# Peak Design Camera clip or Black Rapid Backpack Strap?



## Julie G. (May 26, 2015)

Hi,

I've been thinking about getting a Black Rapid Backpack Strap (though I already have Sport) for my next hiking trip. But I recently came over the Peak Design Camera Clip, and wondered id that would be a better solution for carrying (I would still bring the BR Sport). My concern would be the weight distribution when the camera is hanging onto the backpack. The BR would be safer i guess, but the Camera Clip uses a Arca Swiss plate. I have a Canon 5D3.

What are your thoughts?


----------



## Hector1970 (Nov 13, 2015)

You reviews are good. There are some very interesting ones on your website. Well done.


----------



## 1kind (Nov 13, 2015)

Hector1970 said:


> You reviews are good. There are some very interesting ones on your website. Well done.

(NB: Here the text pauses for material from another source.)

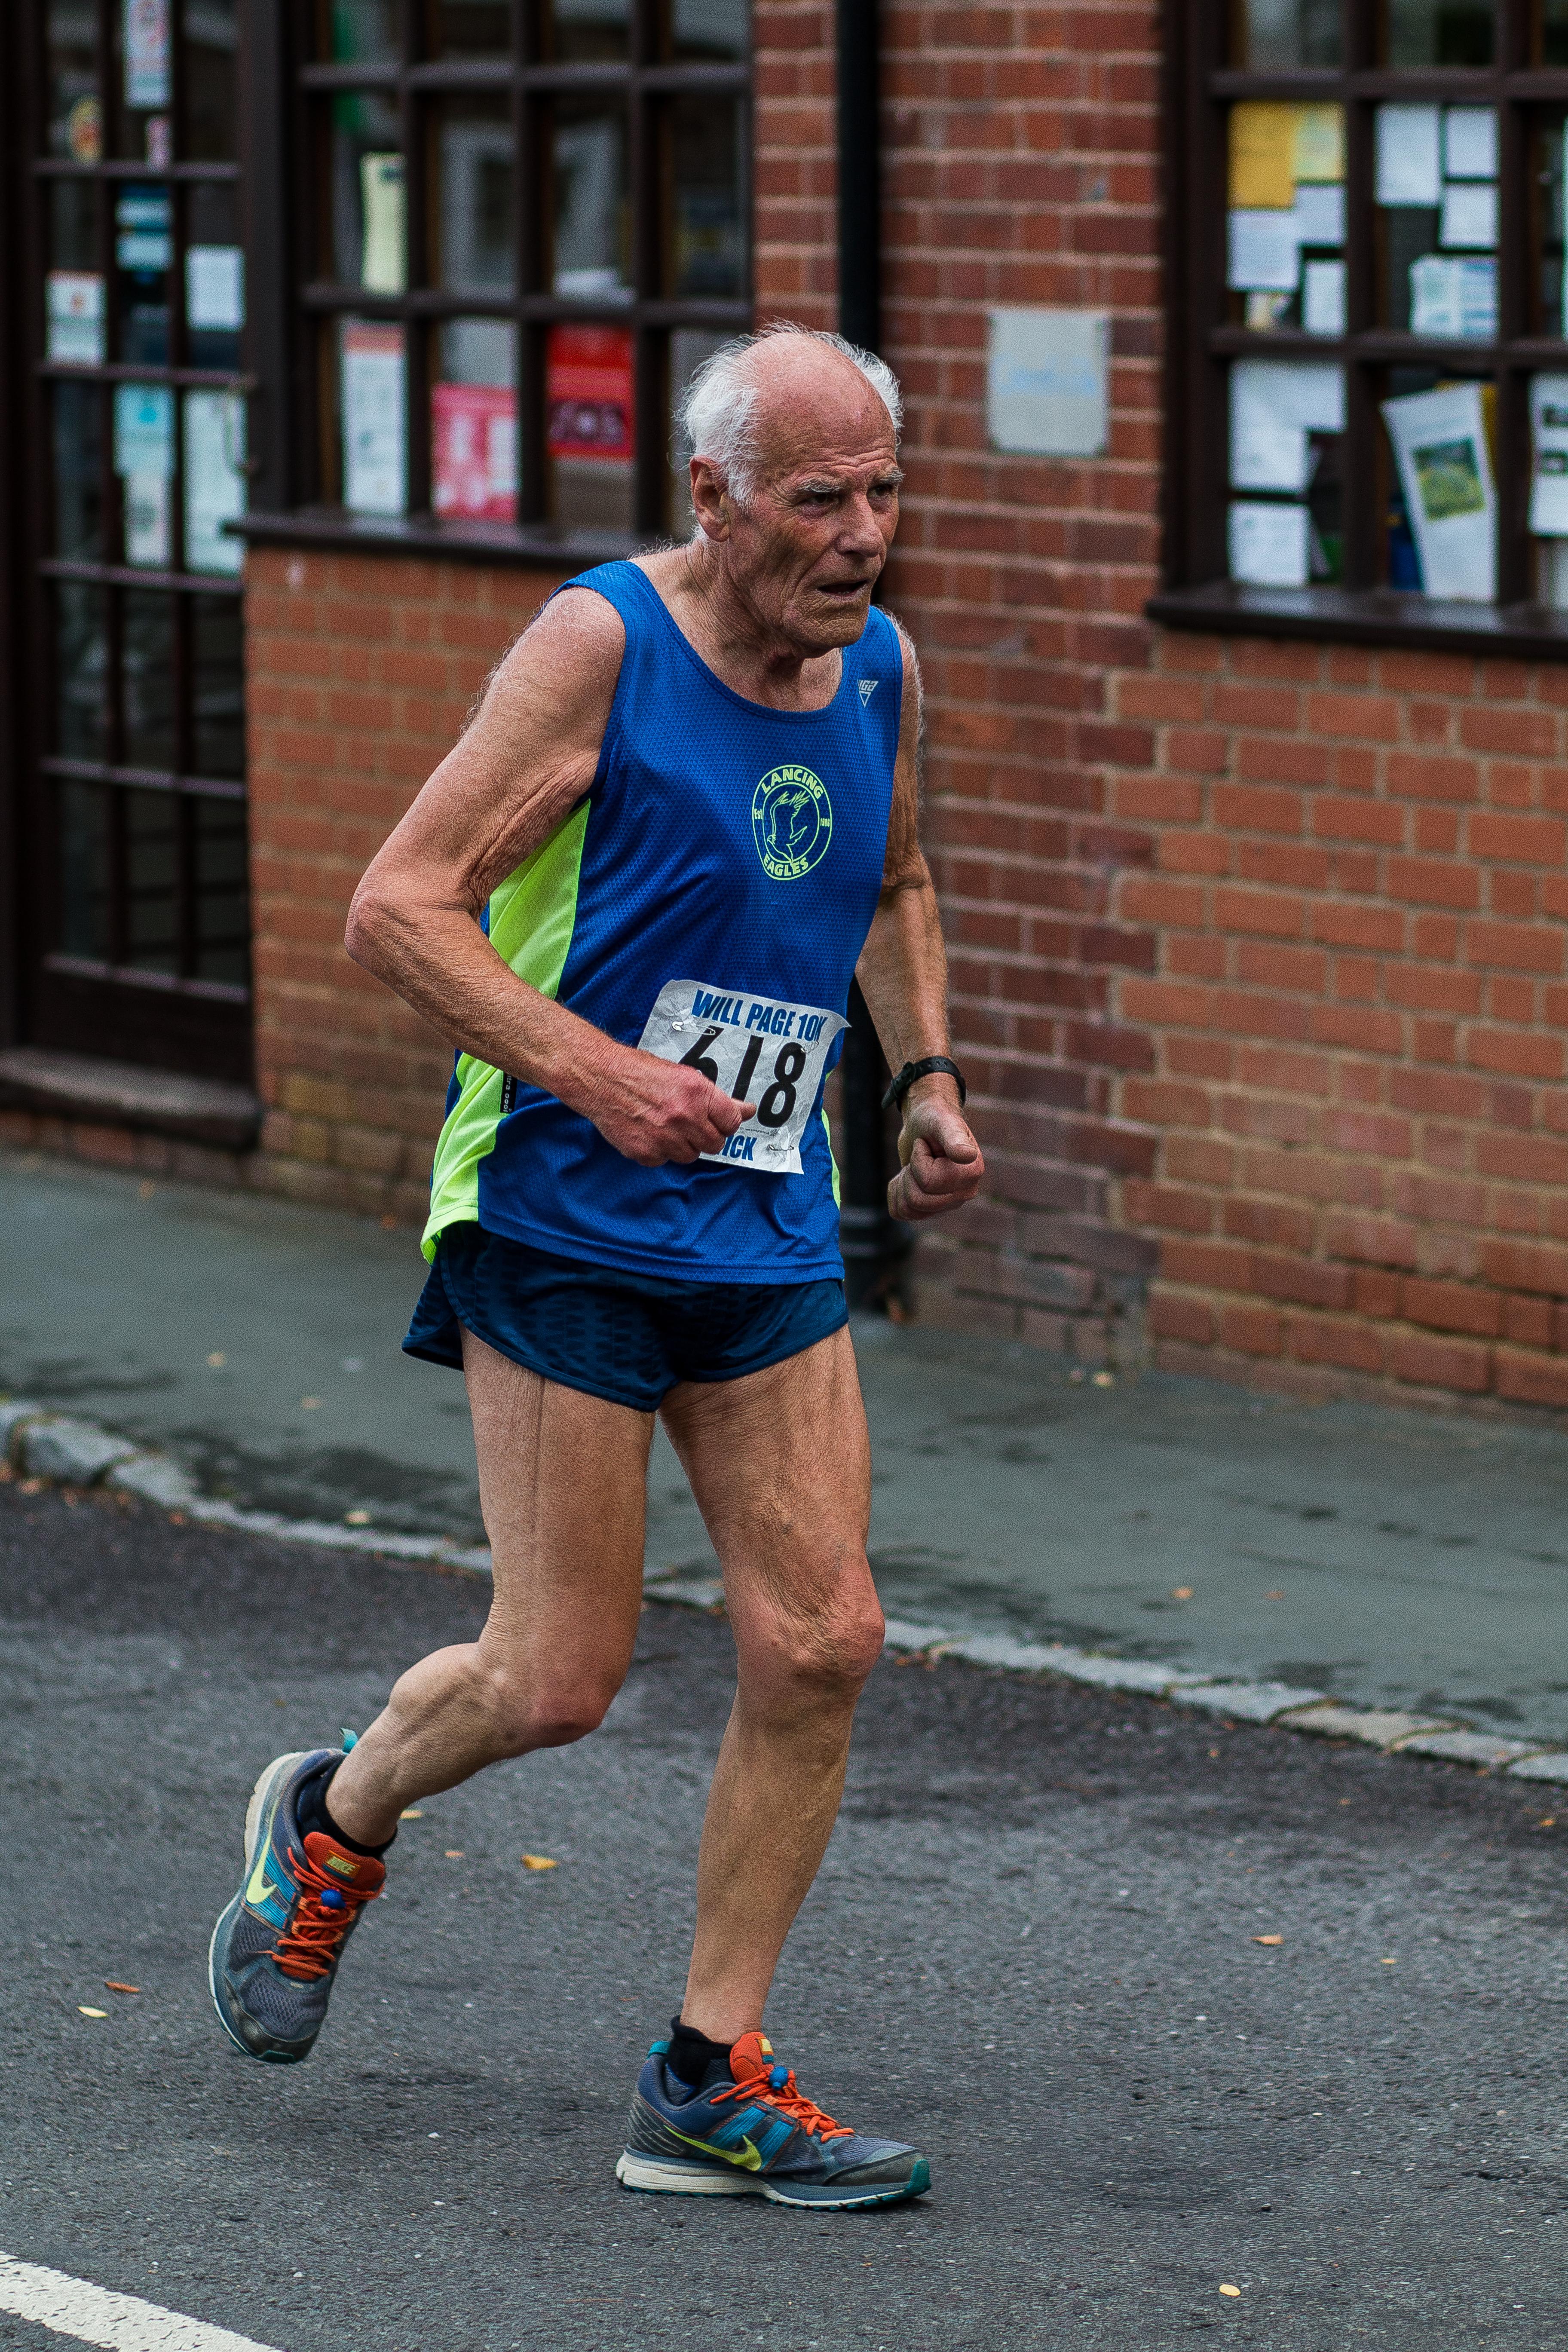 Runner - 618

Thank you. I try and do my best to show every angle of the item. Not everyone is able to hold or touch the item so we are your eyes. Also, not everyone knows that item exists and we help to let you know that its available and out there.


----------



## dcm (Nov 13, 2015)

Julie G. said:


> Hi,
> 
> I've been thinking about getting a Black Rapid Backpack Strap (though I already have Sport) for my next hiking trip. But I recently came over the Peak Design Camera Clip, and wondered id that would be a better solution for carrying (I would still bring the BR Sport). My concern would be the weight distribution when the camera is hanging onto the backpack. The BR would be safer i guess, but the Camera Clip uses a Arca Swiss plate. I have a Canon 5D3.
> 
> What are your thoughts?



I have the PD Camera Clip 2 and the Sun Sniper Backpack Strap (similar to BR). You can put a Arca clamp on the BR strap for similar convenience; I've done this with my regular BR strap as Neuro suggested. I carry a 6D or M3 or both on my double strap this way.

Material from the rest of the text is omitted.